*What you should do:*
Return, from the data that follows, each line that holds the word "plan".

** Opening Input data block **

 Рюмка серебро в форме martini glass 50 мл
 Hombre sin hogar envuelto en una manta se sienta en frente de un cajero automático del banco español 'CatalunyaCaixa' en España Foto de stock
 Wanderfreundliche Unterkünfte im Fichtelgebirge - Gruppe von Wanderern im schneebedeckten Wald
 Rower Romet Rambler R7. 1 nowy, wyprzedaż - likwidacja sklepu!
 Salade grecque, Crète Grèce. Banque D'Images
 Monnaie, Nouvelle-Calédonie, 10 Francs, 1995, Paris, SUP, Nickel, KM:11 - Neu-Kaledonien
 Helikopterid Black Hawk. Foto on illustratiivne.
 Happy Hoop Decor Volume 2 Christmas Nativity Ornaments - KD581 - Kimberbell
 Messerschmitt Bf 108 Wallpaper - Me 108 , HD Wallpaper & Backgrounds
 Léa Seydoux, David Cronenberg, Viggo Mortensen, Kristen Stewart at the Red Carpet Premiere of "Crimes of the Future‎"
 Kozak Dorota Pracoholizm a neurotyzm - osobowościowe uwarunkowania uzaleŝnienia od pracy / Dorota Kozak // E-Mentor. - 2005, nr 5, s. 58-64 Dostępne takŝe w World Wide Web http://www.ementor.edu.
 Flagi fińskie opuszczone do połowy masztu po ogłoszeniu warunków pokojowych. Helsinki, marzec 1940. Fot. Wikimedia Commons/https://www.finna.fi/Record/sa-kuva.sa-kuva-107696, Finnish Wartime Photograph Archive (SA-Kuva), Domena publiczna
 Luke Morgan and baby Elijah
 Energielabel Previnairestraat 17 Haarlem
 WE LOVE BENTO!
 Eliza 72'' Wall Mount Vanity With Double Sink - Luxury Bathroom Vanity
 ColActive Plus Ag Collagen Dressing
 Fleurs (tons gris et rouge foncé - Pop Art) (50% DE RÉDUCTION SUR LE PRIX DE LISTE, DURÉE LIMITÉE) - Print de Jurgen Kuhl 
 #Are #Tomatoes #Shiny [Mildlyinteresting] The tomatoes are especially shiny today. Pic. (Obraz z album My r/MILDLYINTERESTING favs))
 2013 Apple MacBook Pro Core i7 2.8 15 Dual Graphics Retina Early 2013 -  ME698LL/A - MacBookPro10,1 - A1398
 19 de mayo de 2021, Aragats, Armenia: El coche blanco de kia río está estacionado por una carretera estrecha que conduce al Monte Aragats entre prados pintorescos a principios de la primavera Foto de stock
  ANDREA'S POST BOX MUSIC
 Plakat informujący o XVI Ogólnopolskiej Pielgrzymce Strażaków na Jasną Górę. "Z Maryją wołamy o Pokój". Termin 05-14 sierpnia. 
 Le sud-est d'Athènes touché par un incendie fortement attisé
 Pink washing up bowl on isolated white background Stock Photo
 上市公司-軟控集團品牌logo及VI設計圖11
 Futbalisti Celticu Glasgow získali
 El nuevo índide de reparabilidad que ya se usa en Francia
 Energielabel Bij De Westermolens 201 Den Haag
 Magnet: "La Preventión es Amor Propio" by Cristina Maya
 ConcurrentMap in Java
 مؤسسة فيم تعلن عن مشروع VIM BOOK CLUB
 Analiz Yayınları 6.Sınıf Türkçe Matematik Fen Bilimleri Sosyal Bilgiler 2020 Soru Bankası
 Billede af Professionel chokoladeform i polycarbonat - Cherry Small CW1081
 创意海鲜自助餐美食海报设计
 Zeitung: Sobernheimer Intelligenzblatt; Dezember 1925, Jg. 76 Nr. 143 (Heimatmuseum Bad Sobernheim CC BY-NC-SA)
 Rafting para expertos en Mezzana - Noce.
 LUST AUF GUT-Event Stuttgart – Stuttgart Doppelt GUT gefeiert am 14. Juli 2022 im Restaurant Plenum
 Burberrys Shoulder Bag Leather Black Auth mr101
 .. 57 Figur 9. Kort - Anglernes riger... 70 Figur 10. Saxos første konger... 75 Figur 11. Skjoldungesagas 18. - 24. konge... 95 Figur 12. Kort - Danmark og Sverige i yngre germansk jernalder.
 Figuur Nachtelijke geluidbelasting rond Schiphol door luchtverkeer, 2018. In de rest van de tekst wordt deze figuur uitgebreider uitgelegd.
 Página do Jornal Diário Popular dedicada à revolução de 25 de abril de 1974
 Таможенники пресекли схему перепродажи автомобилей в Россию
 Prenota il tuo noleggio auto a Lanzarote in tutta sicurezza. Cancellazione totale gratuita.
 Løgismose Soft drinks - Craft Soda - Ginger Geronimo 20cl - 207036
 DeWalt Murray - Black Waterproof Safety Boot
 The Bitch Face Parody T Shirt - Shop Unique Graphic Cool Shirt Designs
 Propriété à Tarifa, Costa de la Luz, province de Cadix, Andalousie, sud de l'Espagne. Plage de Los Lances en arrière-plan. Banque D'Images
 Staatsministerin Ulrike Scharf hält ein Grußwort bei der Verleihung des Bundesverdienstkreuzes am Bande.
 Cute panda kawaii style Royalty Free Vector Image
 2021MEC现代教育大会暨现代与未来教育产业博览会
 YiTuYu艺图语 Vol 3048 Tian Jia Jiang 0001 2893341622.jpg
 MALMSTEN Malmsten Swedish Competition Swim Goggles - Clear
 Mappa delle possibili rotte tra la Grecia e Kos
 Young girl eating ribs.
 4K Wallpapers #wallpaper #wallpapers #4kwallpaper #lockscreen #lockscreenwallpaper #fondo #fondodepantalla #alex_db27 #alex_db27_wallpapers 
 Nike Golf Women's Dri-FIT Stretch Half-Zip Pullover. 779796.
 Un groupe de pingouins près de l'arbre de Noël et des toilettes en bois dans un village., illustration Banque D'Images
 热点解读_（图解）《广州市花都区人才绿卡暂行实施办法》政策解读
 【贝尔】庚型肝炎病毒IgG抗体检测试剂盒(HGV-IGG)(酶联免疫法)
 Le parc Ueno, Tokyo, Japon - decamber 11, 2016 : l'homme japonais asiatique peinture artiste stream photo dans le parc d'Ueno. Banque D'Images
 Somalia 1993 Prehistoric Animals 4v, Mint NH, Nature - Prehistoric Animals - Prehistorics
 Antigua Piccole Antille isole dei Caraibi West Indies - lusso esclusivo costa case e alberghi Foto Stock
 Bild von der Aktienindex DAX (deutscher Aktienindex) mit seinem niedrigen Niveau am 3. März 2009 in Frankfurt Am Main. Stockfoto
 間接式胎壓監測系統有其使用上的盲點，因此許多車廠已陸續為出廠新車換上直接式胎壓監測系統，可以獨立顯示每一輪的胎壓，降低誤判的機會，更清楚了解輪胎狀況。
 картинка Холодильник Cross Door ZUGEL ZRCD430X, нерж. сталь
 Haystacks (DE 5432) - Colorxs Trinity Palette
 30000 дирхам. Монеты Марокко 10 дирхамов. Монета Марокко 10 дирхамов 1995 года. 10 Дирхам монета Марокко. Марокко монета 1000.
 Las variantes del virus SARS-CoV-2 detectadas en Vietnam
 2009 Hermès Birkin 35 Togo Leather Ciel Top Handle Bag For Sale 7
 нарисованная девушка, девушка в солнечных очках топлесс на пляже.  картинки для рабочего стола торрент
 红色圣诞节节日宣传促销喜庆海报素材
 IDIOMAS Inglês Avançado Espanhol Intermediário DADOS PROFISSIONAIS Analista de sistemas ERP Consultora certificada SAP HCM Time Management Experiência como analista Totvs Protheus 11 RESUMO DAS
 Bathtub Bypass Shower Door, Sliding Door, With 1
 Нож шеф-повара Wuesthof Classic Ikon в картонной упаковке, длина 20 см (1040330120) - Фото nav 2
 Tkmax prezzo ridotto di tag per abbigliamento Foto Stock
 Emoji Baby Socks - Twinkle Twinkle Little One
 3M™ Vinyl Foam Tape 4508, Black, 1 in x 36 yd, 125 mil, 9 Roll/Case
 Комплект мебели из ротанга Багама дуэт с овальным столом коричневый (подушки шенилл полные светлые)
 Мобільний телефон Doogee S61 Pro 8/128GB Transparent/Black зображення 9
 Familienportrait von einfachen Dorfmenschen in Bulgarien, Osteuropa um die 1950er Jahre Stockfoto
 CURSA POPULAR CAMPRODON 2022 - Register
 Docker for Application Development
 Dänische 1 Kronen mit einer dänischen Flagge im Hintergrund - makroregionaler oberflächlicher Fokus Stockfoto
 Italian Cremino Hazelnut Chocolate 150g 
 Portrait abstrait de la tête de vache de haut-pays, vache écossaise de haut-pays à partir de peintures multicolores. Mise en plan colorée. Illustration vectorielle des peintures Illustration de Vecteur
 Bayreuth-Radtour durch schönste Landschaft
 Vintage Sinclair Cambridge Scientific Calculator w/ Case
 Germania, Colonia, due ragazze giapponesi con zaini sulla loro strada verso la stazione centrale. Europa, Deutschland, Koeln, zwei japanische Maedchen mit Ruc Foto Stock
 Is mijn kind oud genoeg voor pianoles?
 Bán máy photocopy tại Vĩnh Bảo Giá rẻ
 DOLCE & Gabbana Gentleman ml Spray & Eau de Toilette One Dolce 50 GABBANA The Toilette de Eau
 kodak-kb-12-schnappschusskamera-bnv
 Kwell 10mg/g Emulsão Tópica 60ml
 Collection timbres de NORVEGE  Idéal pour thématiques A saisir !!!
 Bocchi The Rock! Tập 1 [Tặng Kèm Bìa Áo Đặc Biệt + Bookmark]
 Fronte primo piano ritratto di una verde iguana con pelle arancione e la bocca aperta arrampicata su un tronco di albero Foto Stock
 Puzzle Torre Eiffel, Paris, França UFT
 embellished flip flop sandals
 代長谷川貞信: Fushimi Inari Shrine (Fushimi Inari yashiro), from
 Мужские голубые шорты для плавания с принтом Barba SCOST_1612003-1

** Closing Input data block **

*Your solution:*
 Propriété à Tarifa, Costa de la Luz, province de Cadix, Andalousie, sud de l'Espagne. Plage de Los Lances en arrière-plan. Banque D'Images
 Portrait abstrait de la tête de vache de haut-pays, vache écossaise de haut-pays à partir de peintures multicolores. Mise en plan colorée. Illustration vectorielle des peintures Illustration de Vecteur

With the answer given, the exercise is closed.